"Impatience and frustration" in LA

Special Assistant City Attorney Jane Usher told the Los Angeles Times that medical cannabis collectives in Los Angeles are experiencing "impatience and frustration” due to ongoing legal controversy surrounding the city’s tough new regulations. That may be the first thing Ms. Usher and medical cannabis advocates have agreed on in years. Don’t expect the amity to last long. The City Attorney Carmen Trutanich is trying to close more than one hundred legal collectives deemed ineligible to register under the city’s ordinance based on broad interpretive leaps.
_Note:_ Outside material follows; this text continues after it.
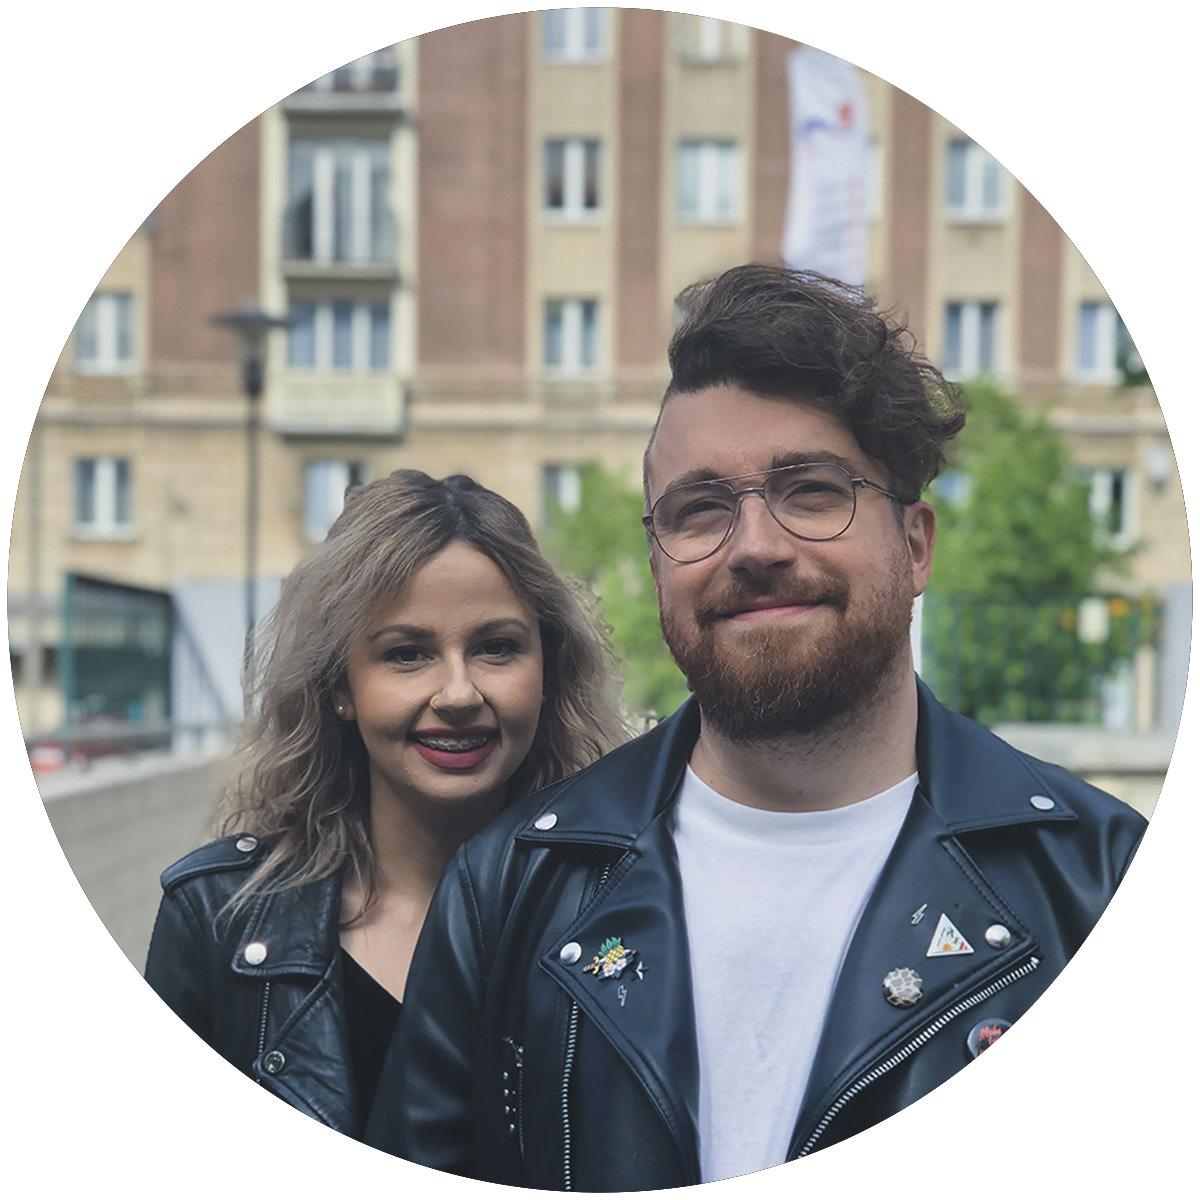 Liam & Natalie Gordon
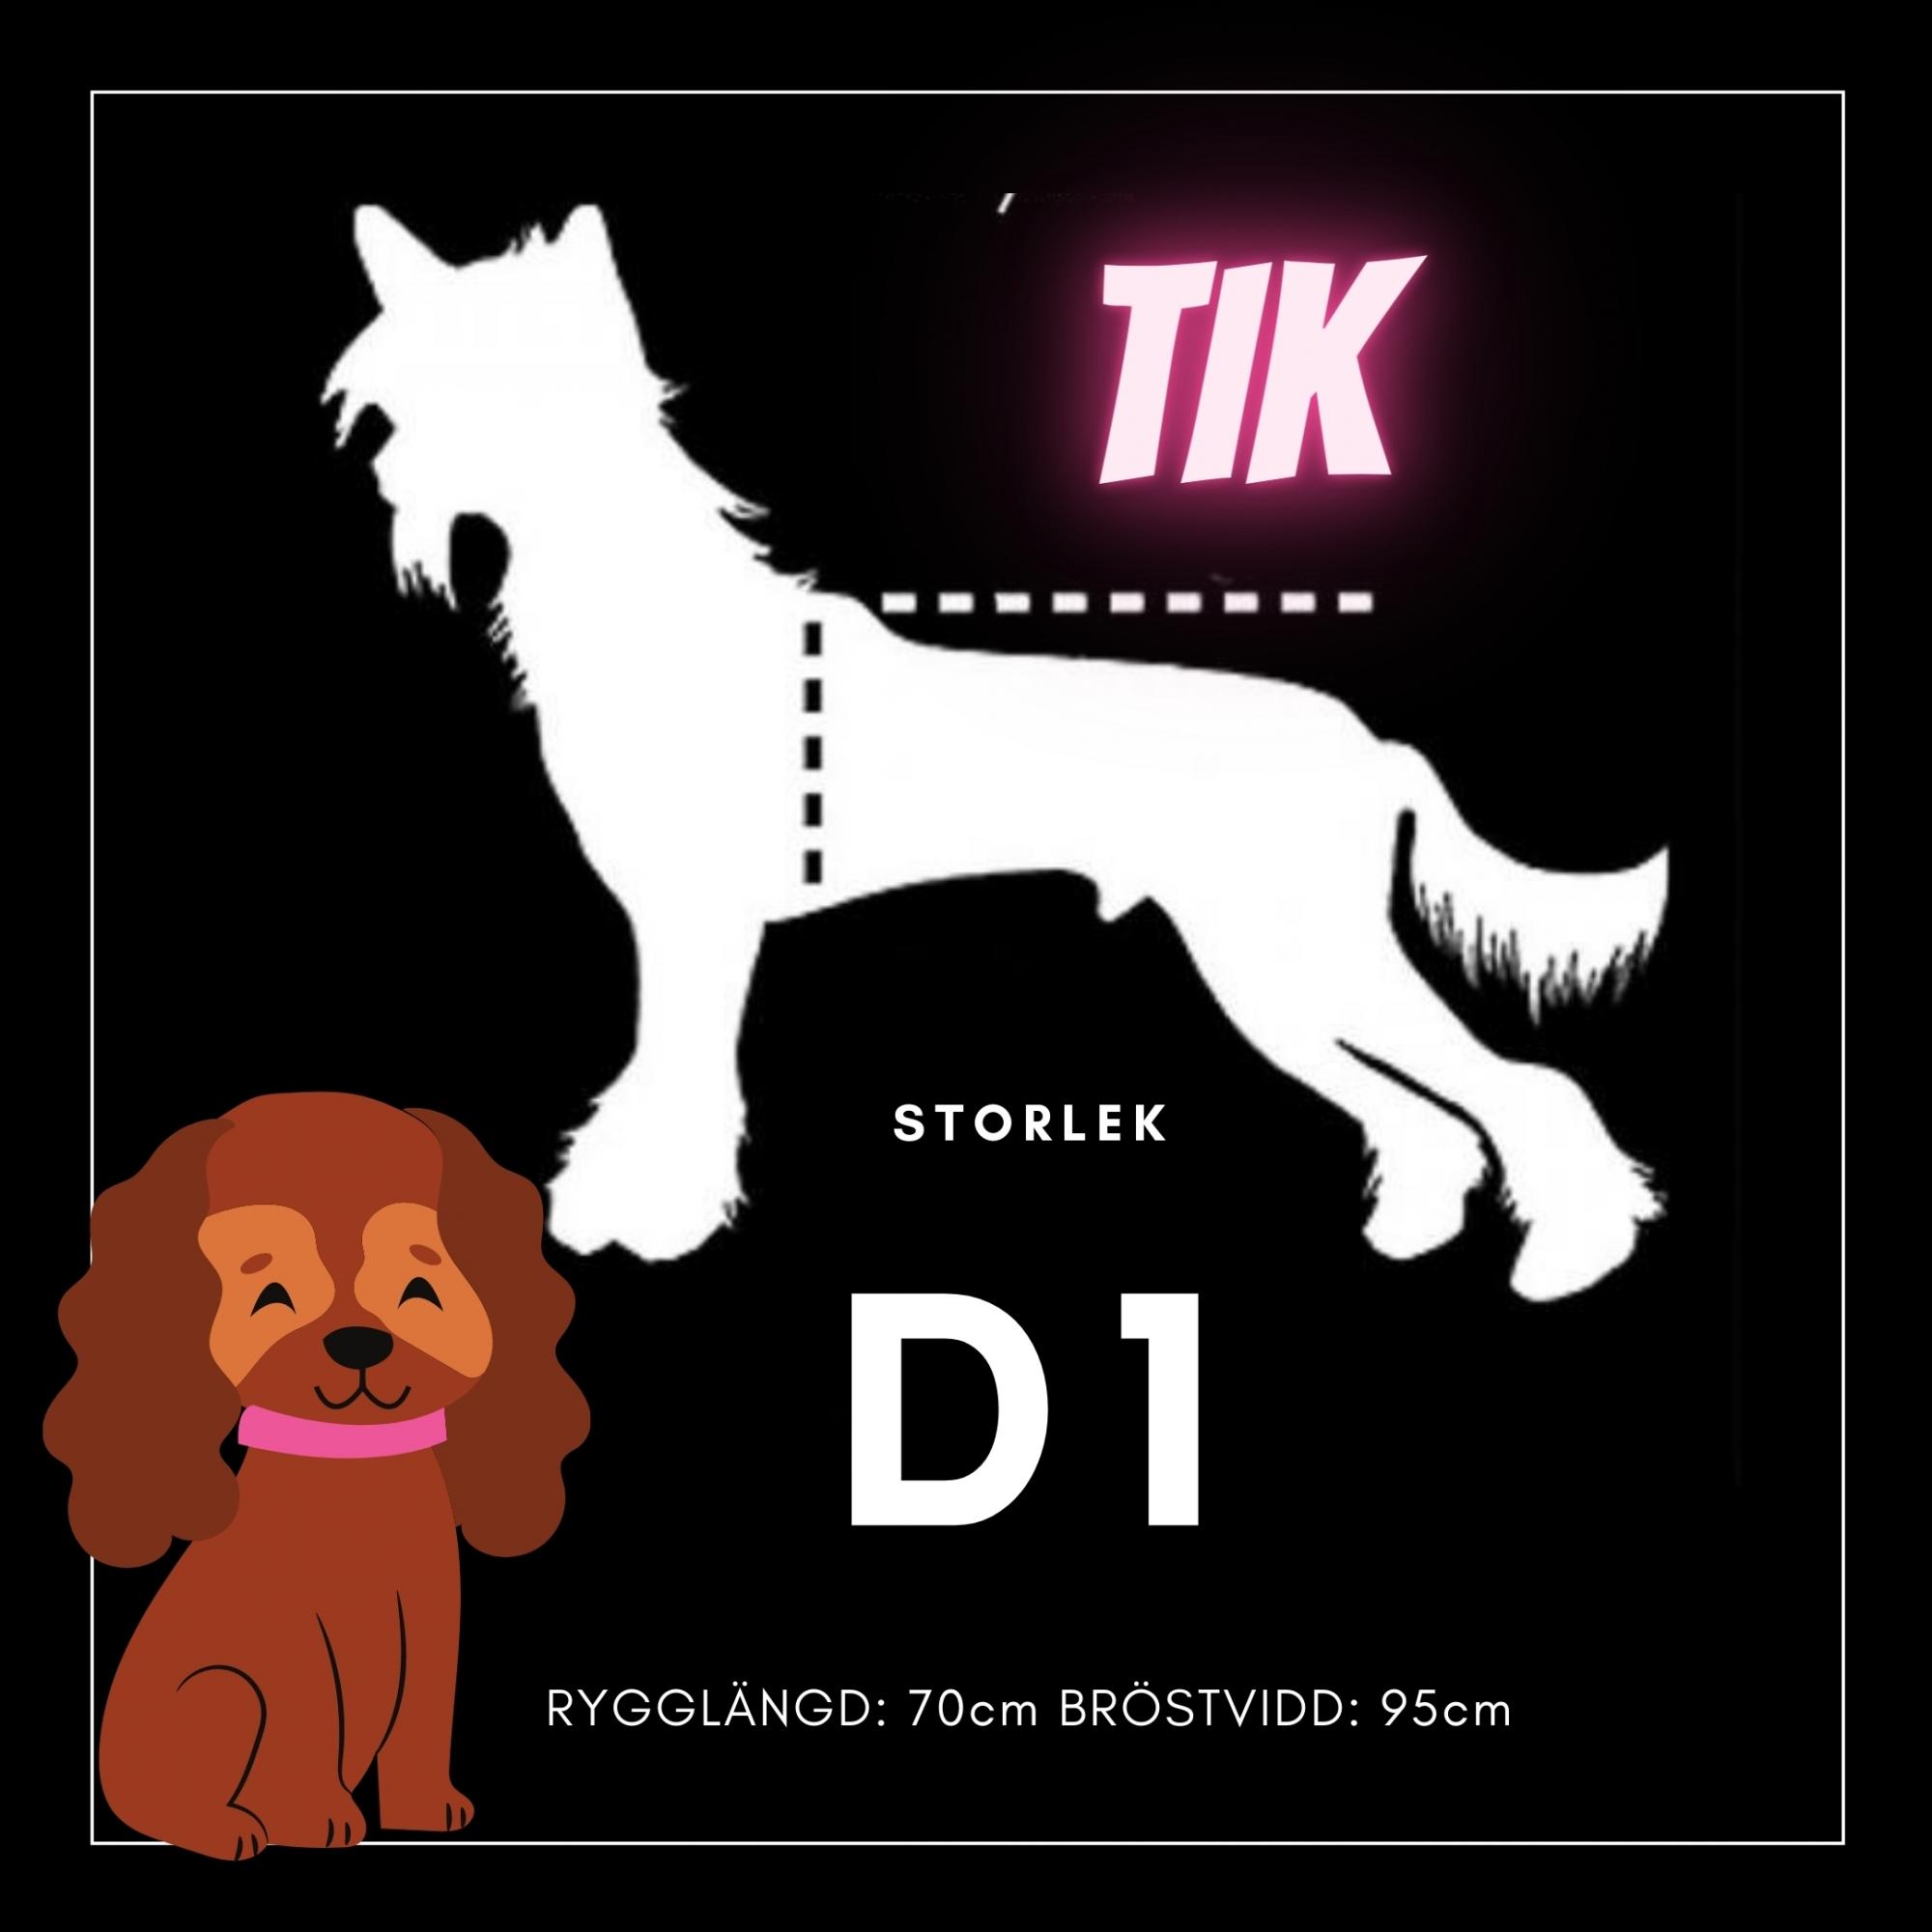 Tik Storlek D1 - Passion For Pet Fashion

Los Angeles Times reporter Sandy Banks said she understands why the collectives feel like this is an “underhanded trick.”

READ: LA Timnes - "Some compassionate pot shops caught in L.A. law's red tape" (Sandy Banks, October 19, 2010)



The Los Angeles City Council delayed a vote on an amendment that might have settled some of the controversy this morning. Councilmembers want more clarity on constitutional issues raised in hundreds of lawsuits now consolidated in Los Angeles District Court. Delay in unfortunate. Some small improvements in the ordinance now could do a lot to diffuse the impatience and frustration felt by collective operators who have tried to support and comply with the city’s convoluted regulatory process. Unless the City Council stands up to the City Attorney’s capricious interpretation of the law, the there may be little goodwill left for implementation after the dust settles in the courtroom.